DNA code is a sequence of chemicals that encode all the data you need to build and operate a human and it is written with only 4 DNA digits. It is a digital code but it is not binary like computers, but quaternary with 4 distinct items. The encoding information in an ordered sequence of 4 different symbols called “bases”, typically denoted A, C, G, and T.

* A: adenosine
* C: cytosine
* G: guanine
* T: thymine

These 4 substances are the fundamental “bits” of information in the genetic code, and are called “base pairs” because there are actually 2 substances per “bit.”

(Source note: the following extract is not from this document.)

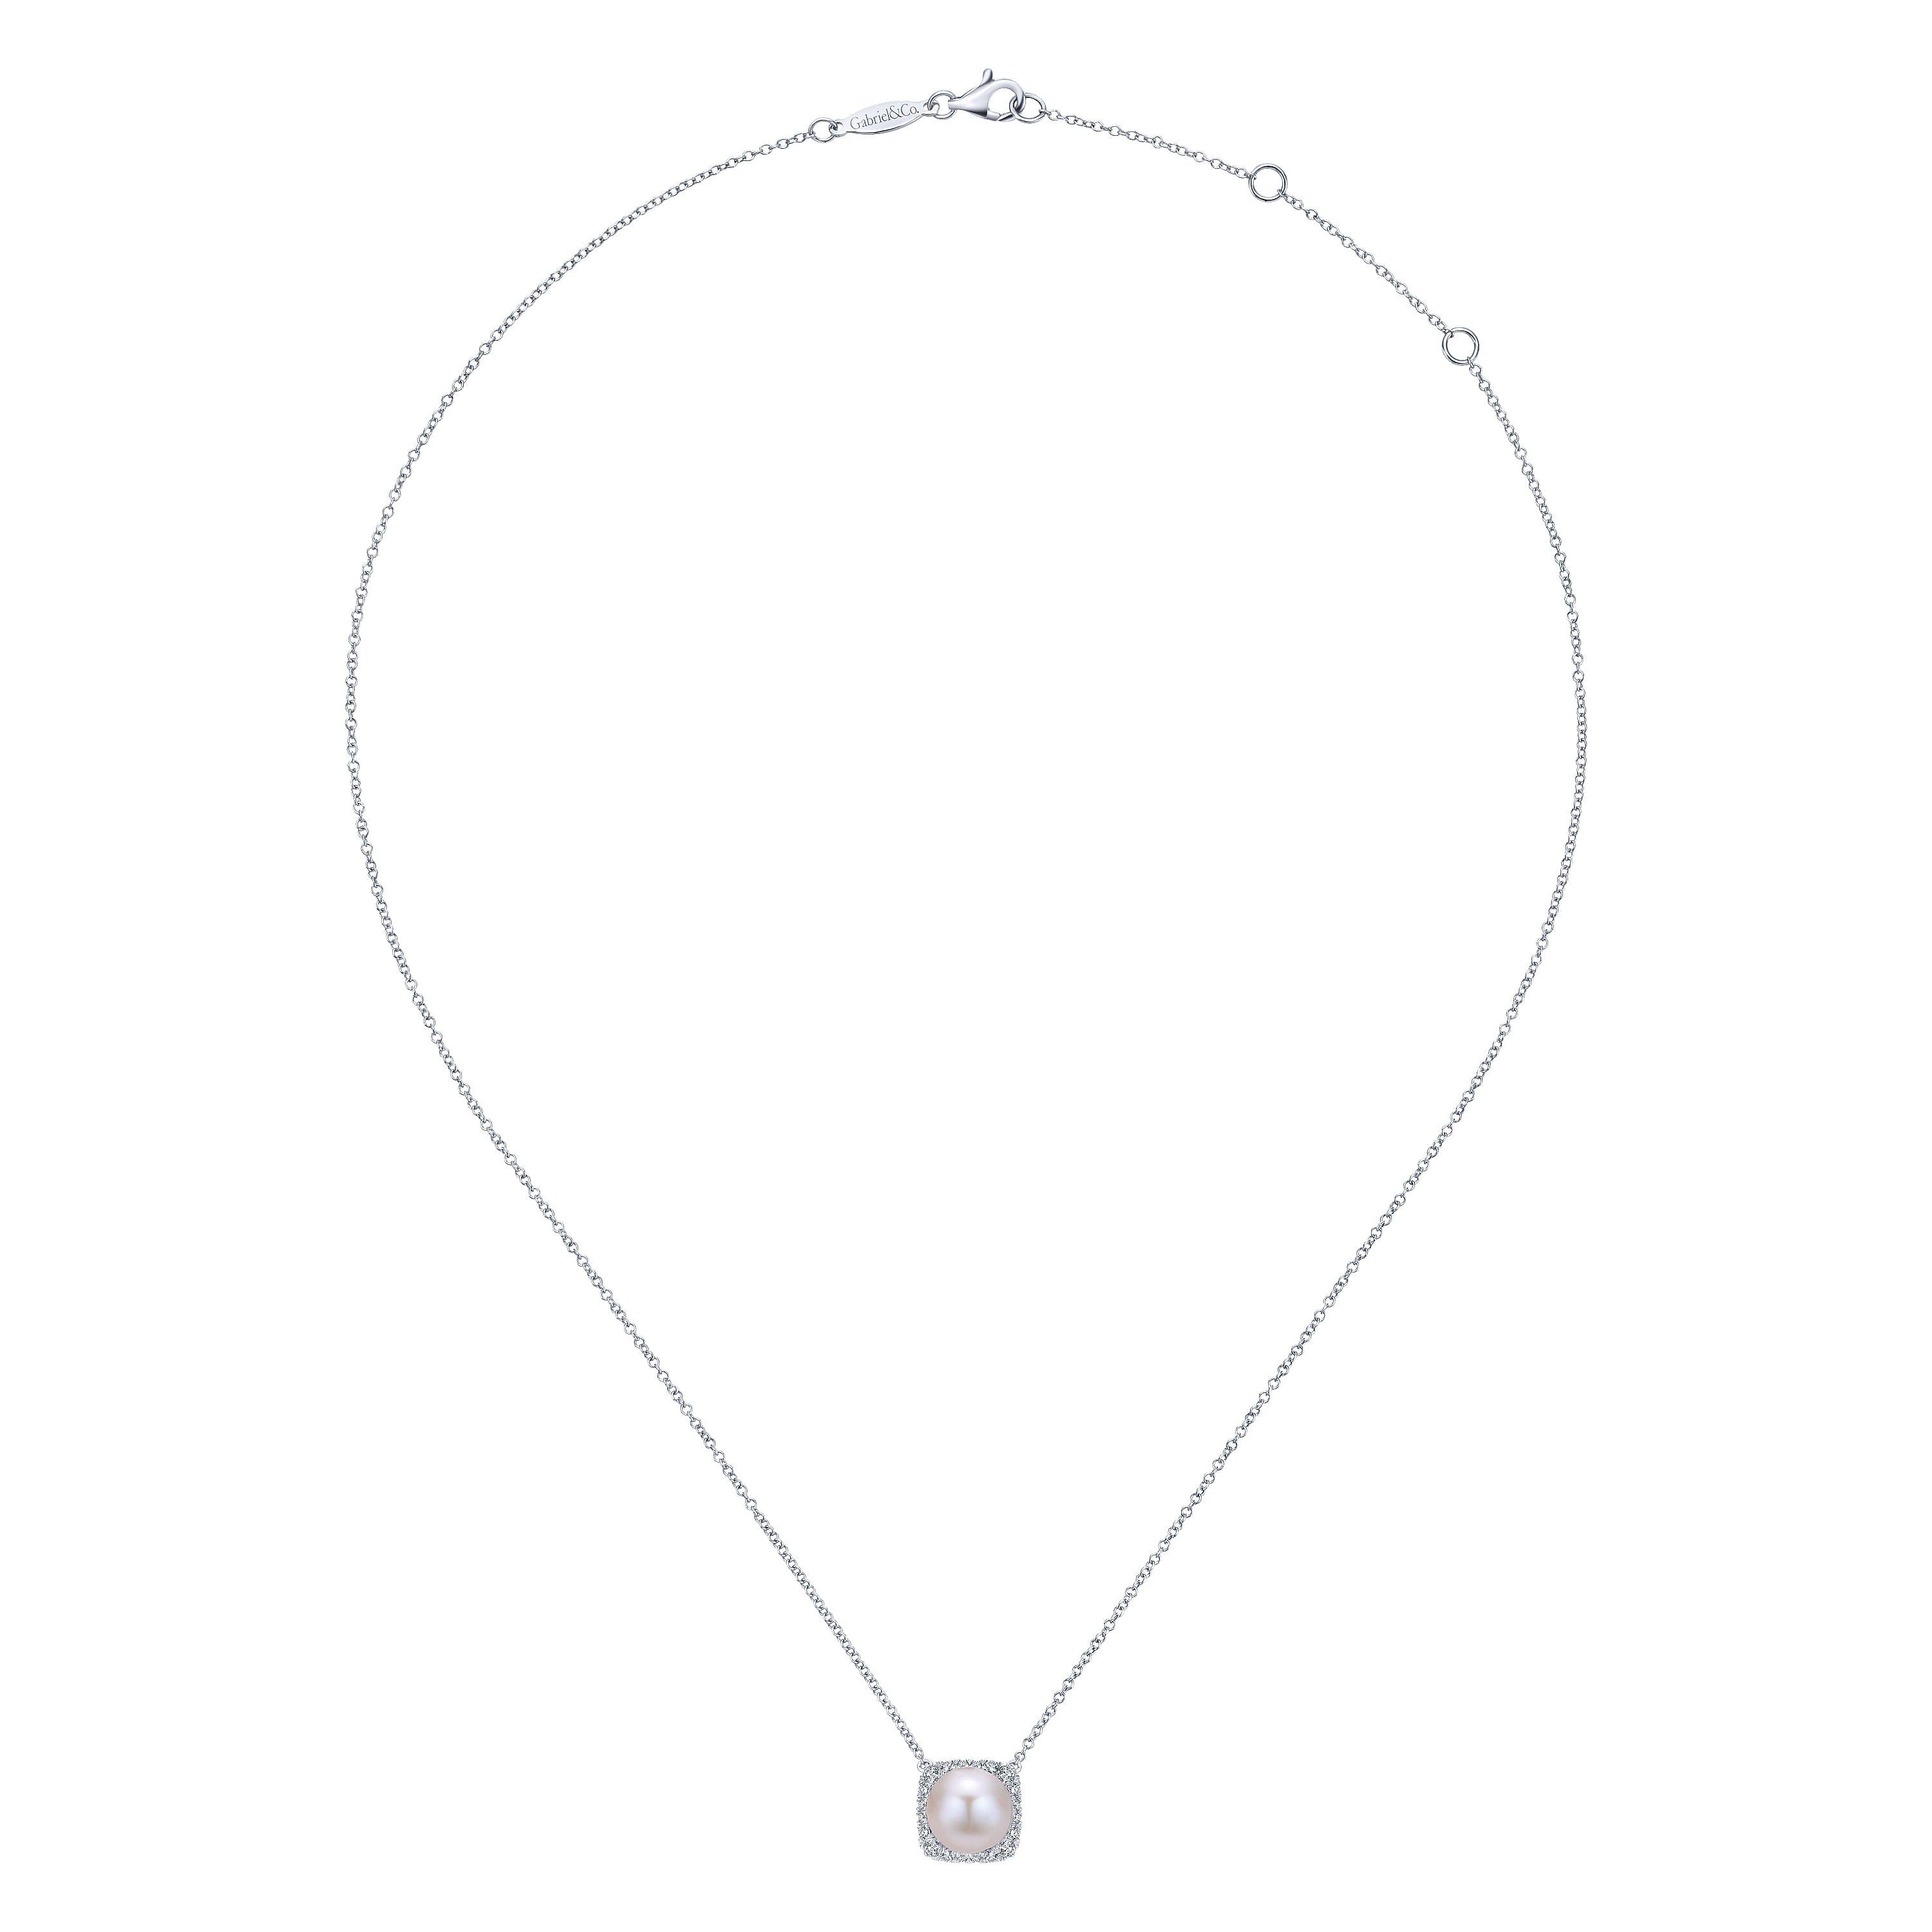 14K White Gold Round Cultured Pearl and Diamond Cushion Halo Pendant Necklace

The entirety of human DNA code, called the “human genome”, runs about 3 billion bases in total. Every human being has 2 copies of this code, one copy from each parent, so a human’s cell DNA contains a total of around 6 billion bases. In computer terms, this is around 6 Gigabytes of symbols per cell that need to be copied and distributed to each daughter cell in a process of cell division or “mitosis”



Luckily, both computer drives and DNA copying have very efficient error detection and correction mechanisms. The most important error corrector for biological data is the p53 enzyme, which will be featured in the future post, “All along the watchtower”

But unlike computers, there is a single critical step in every cell division in which 23 double pairs of chromosomes are simultaneously pulled apart to impart 23 single pairs for each of the two new cells.  This occurs in the miraculous kinetechore:



Think of this as a huge Virginia Reel of chromosomes but with pairs of siamese twins instead of men and women.  That way, it doesn’t matter which chromosome goes to which daughter cell. This dance party happens 50 billion times a day in your body.

Unfortunately, DNA sequences, like Scarlet and Rhett, can be attracted to complimentary DNA strands even if they are not supposed to be paired with them. If they don’t follow the music or “dance with the ones that brung ‘em” you can get an improper number if chromosomes or new and abnormal fused chromosomes.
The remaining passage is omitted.